Several months ago I bought Cherry Red Shrimp. Don't know what "variety" since the local aquarium shop did not know. But they looked extremely good quality (and the price was extremely high as well). The females were entirely deep red and the male had lots of red coloring. However after most of the females have had a clutch and the shrimpies are half adult size, not a single one has bred true - none of them are entirely red like the mothers. Have I been scammed somehow?


----------



## effox (Apr 21, 2010)

Are they more brown than red? The PFR's I got from a member here all bred true so I haven't experienced this. If they're going brown, they've got a dominant trait of wild in them.

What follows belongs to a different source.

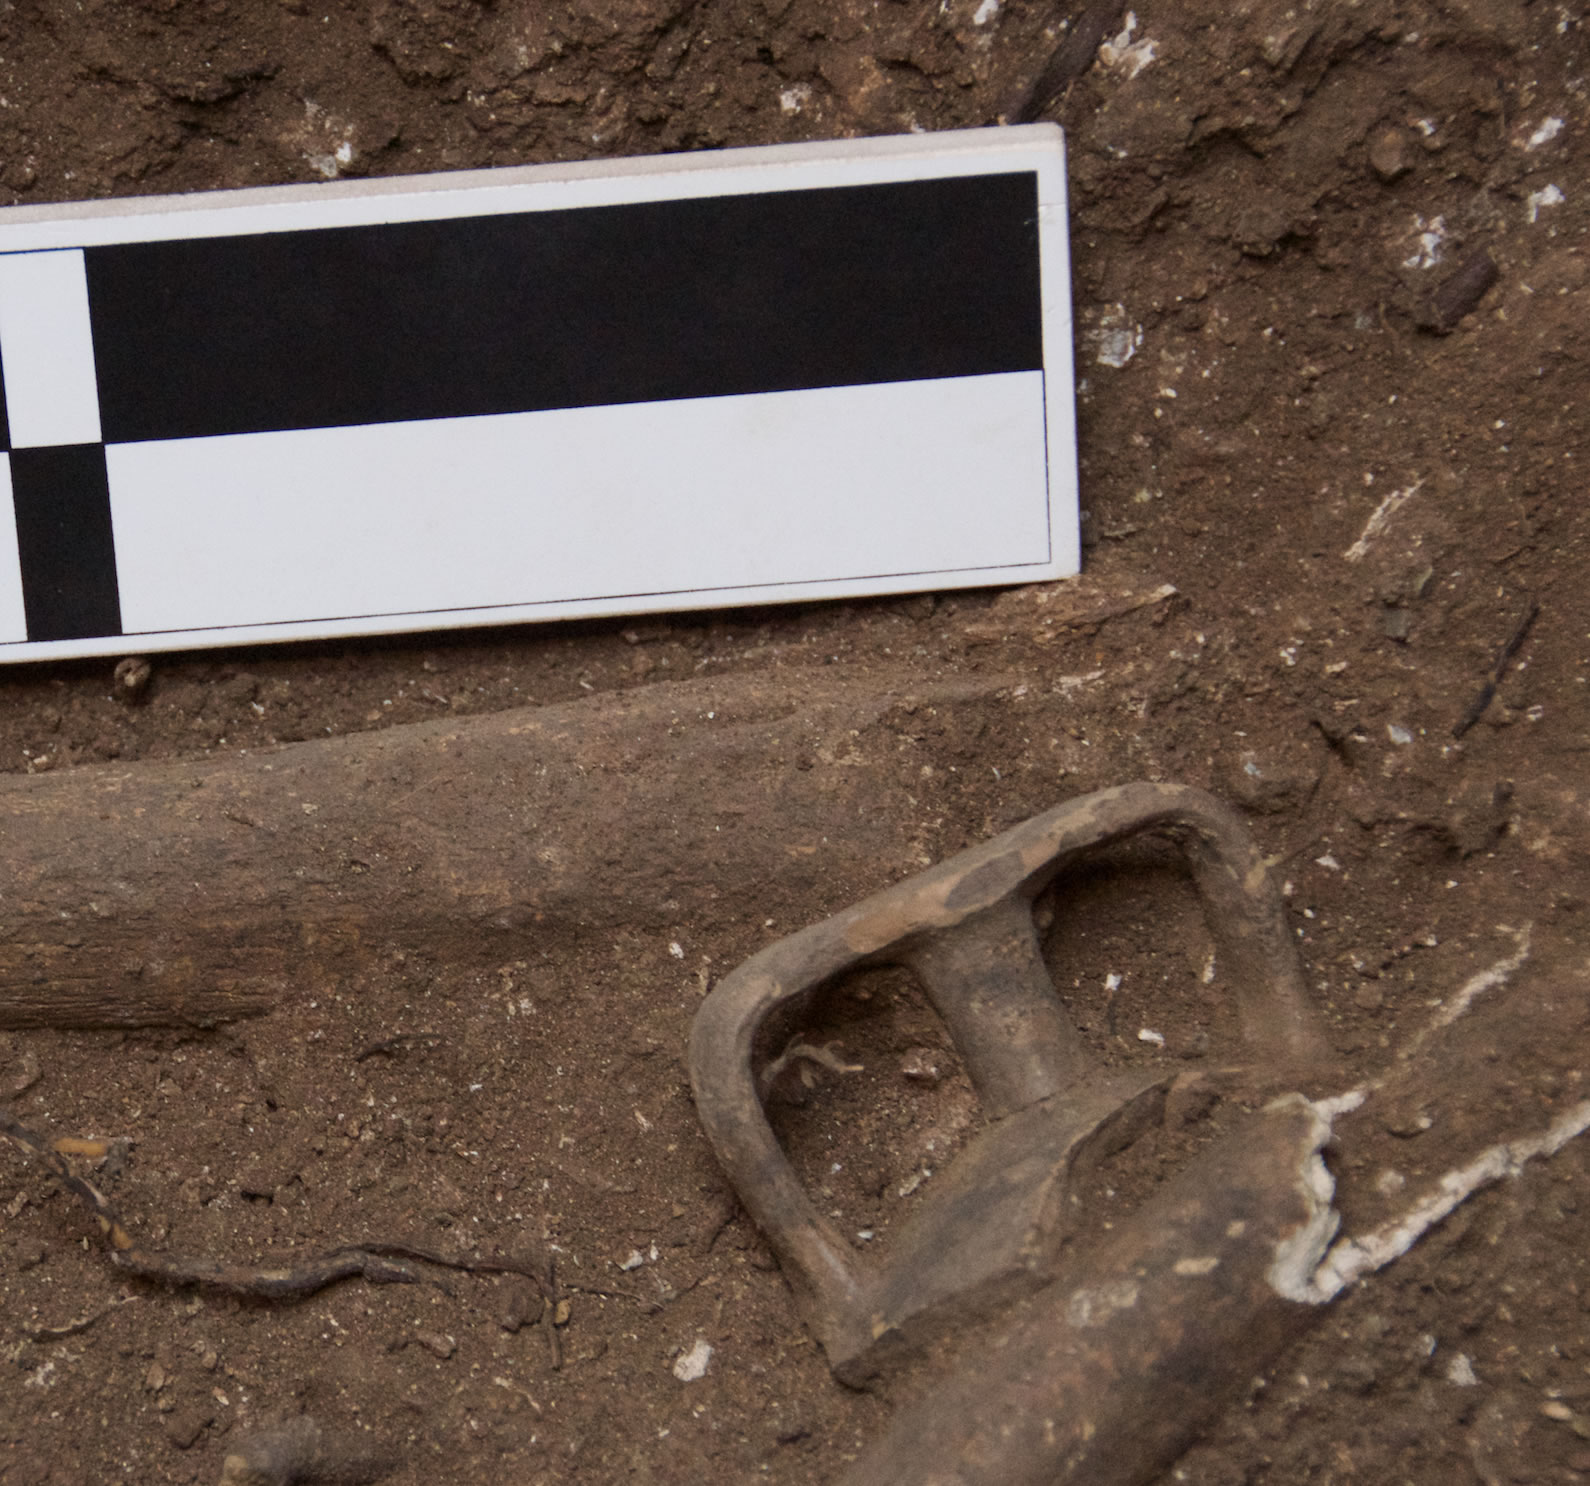 Part of Mycenaean stirrup jar found with human remains

Sounds like you over paid either way.


----------



## 2wheelsx2 (Apr 21, 2010)

The redness is dependent on diet, water quality (including GH/KH) and a lot of other factors. Natural cherries are not all that red to begin with so if they sold them as cherries and were super red then they had dietary enhancements likely. Unless you bought them as PFR, they didn't do any false advertising. But if you said they were pricey then yeah, you likely overpaid. There are plenty of Cherry Shrimp breeders on BCA.


----------



## cgjedi (Nov 11, 2013)

The ones I paid for didn't change color from when I bought them - only their offspring aren't like the parents. So water quality, diet, etc. isn't changing the parents. The local shop said he got them from a local breeder. There's a missing piece in what's going on somewhere...


----------



## 2wheelsx2 (Apr 21, 2010)

Juvies don't colour up until fully adult, in my experience. I have plenty of clear to brown juvies which turn out to be fully red when adult. Perhaps they are not old enough yet.


----------



## cgjedi (Nov 11, 2013)

that's very helpful info. How many months is it until fully adult?


----------



## 2wheelsx2 (Apr 21, 2010)

I am uncertain as my tank is fully scaped so I rarely see youngsters except caught in the filters. Based on how often I am seeing youngsters I would say at least a couple of months.


----------